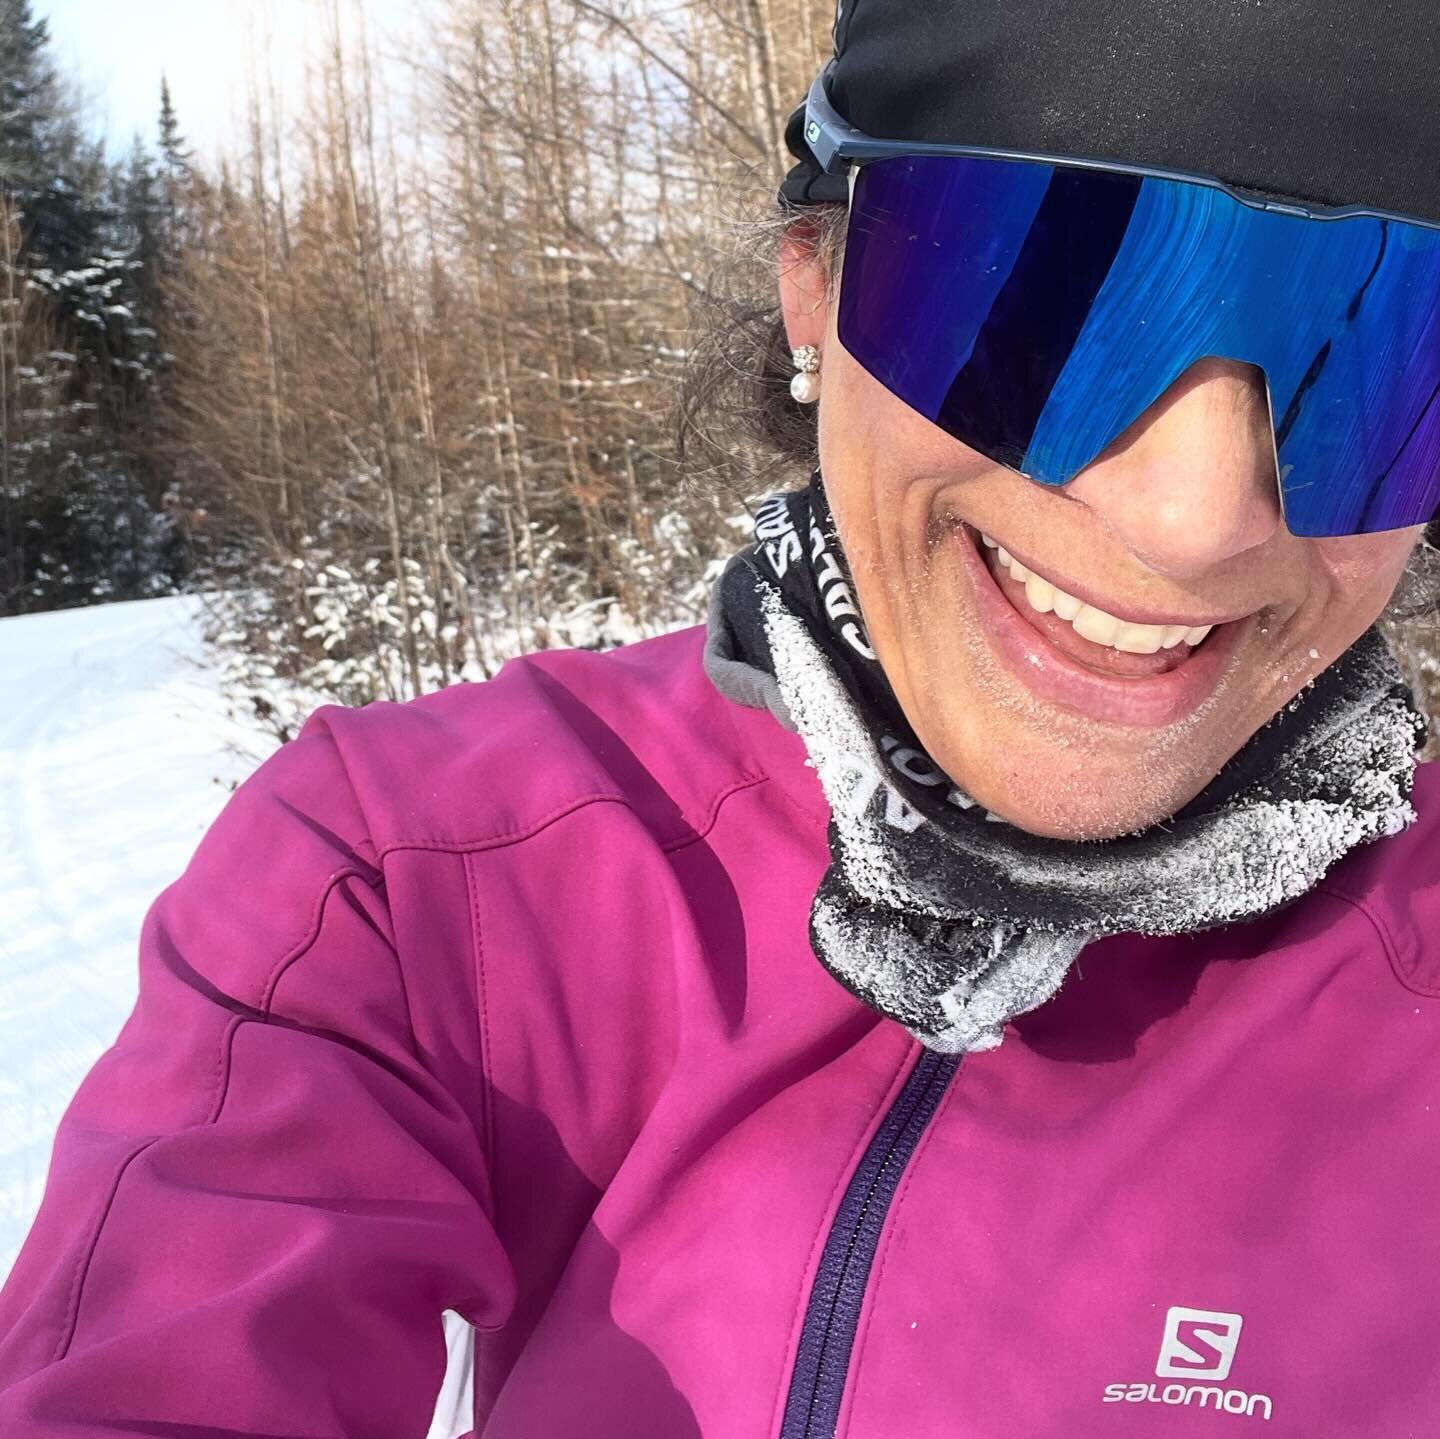 Skiing makes me happy 😃 ❄️ Chased the snow to the Laurentians. Hoping we get some closer to home again soon.
@salomonnordic 
@julbocanada 
#protectourwinters #fortheloveofskiing #nordicskiing #xcskiing #skilife #chasingsnow #skiinginthelaurentians #
--------------------
▸ Directions for this task
In full and without changes, repeat the listing above, but not its pictures.

▸ Response to the exercise
 Skiing makes me happy 😃 ❄️ Chased the snow to the Laurentians. Hoping we get some closer to home again soon.
@salomonnordic 
@julbocanada 
#protectourwinters #fortheloveofskiing #nordicskiing #xcskiing #skilife #chasingsnow #skiinginthelaurentians #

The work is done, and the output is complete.